A energia do hospital começa a falhar. Geradores queimam. Há um princípio de incêndio. Pudera, para tentarem cortar aquele cordão, os umbralinos estão dispostos a impedir o funcionamento dos aparelhos médicos que mantém a vida orgânica de Malena. Um deles tratou logo de se apoderar do corpo de uma enfermeira que entra no quarto com uma seringa contendo uma substância a paciente é alérgica. O medicamento transforma-se em veneno.
Os umbralinos já dominaram Esteban, que não conseguiu sequer chamar socorro, e estão quase vencendo Clara.
Felizmente, antes que acontecesse o pior, Jhaver aparece com asas envergadas e chicote em punho, expulsando dali todos os espíritos ruins.
A energia do hospital se normaliza e a enfermeira volta a si não entendendo o fato de estar ali com aquela seringa. Balança a cabeça, confere os batimentos de Malena e deixa o quarto. Bombeiros controlam o fogo e o equilíbrio parece ser restabelecido.

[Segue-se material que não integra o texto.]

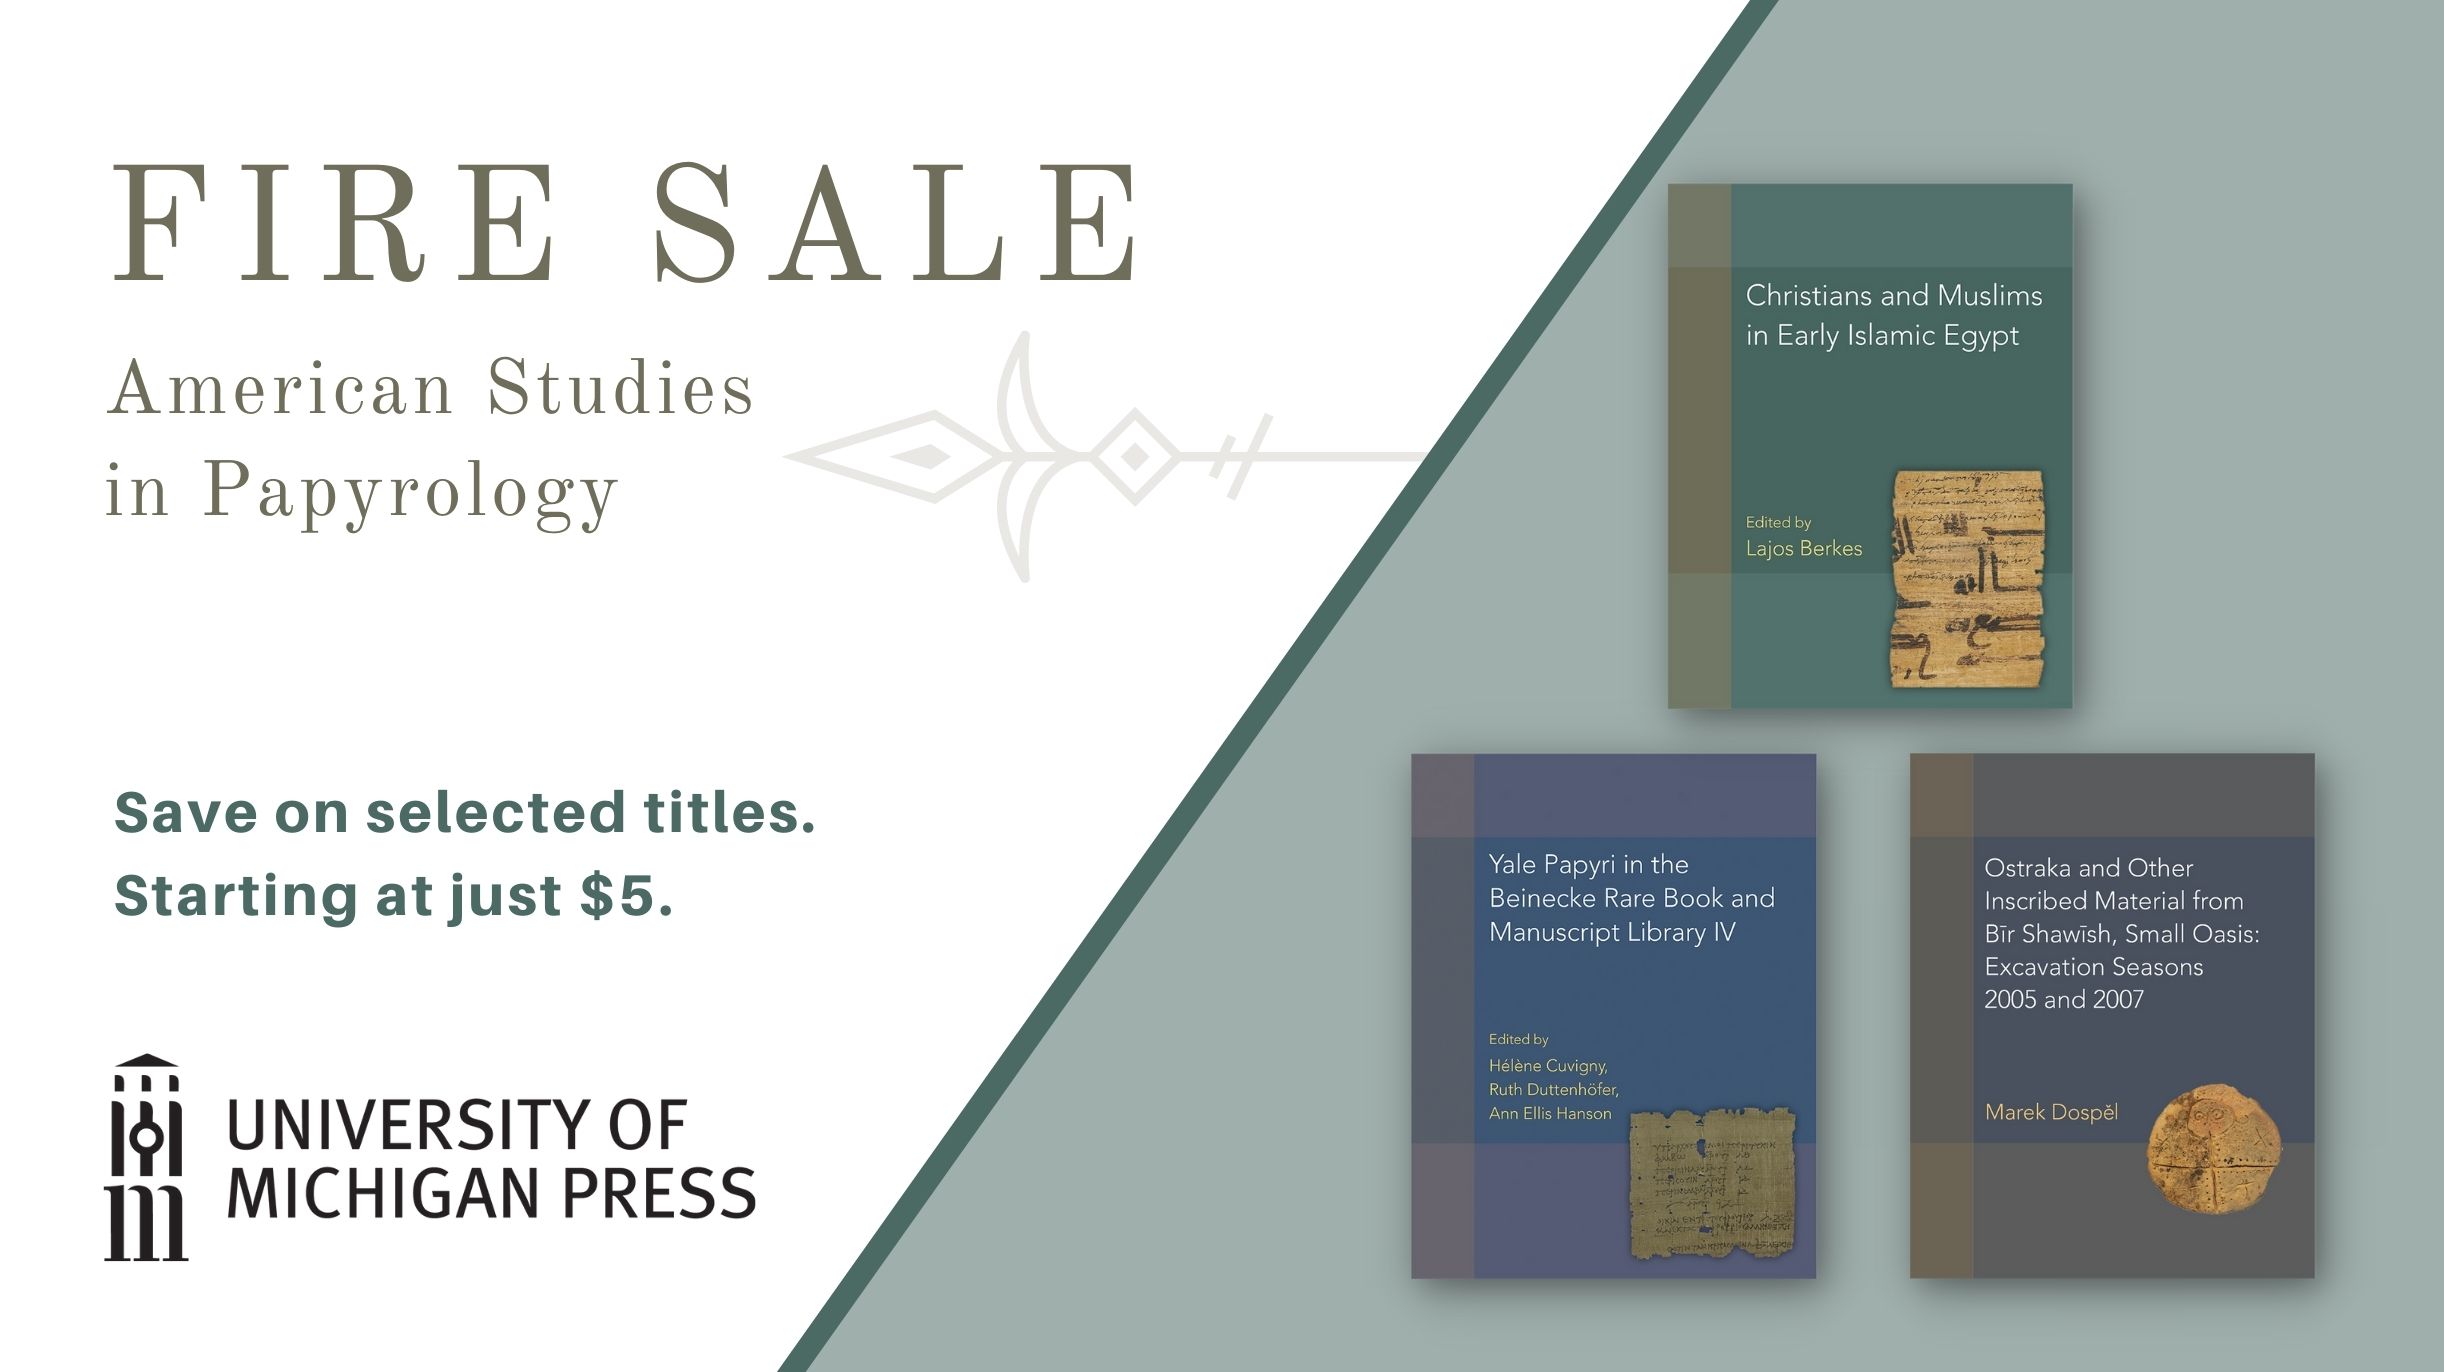 Fire Sale: American Studies in Papyrology. Save on selected titles. Starting at just $5. Complete list of sale titles is available in the link.

De tão forte a ação do castigador, até mesmo Esteban foi tragado pelo portal, retornando à colônia.
Clara tonteia, mas se mantém firme ao lado de Malena, em vigília ao seu cordão astral.
Para quem ainda precisava de uma prova que Jhaver tinha mudado sua postura em relação aquela castigação... Independentemente da razão de ter feito aquilo, sua situação como líder dos castigadores se complicou ainda mais. No entanto, ele não se arrepende e continua.
Chega a falar mentalmente com Clara, que o olha ressabiada, sobre a necessidade de se reforçar a segurança no Hospital da Cura, onde o espírito de Malena está sendo tratado. Avisa que umbralinos planejam invadir o local em poucas horas.
Enquanto muitos preferem acreditar que se trata de uma armadilha, ela tem suas razões para acreditar em Jhaver e avisa seu Klaus sobre a ofensiva que está por vir.
Ali mesmo naquele quarto de hospital, dois guardiões informam que o superior de Jhaver quer falar com ele. O superior? Sim, Deus. No entanto, um arcanjo teria o papel de fazer a ponte entre ele e o criador, já que um castigador, em razão de seu trabalho, não é totalmente puro para ser recebido pelo Todo-Poderoso.
Emoldurados por um horizonte lilás, entre lastros de escuridão e a luz, as asas brancas do arcanjo ficam frente a frente com as asas acinzentadas de Jhaver. A conversa é dura. Palavras fortes e secas reboliçam aquelas mentes. Esta idéia de amor e cânticos endereçada aos anjos é uma criação terrena que não condiz com a realidade.
Anjos são espíritos objetivos, determinadas em seus propósitos, distantes de qualquer sentimentalismo. Todos matam e se matam em nome de um Deus. Tanto que durante a conversa, um empunha uma lança e outro, um chicote.
Daquela conversa, que acontece sem o conhecimento de encarnados e desencarnados, pode ser deflagrado um novo e derradeiro apocalipse.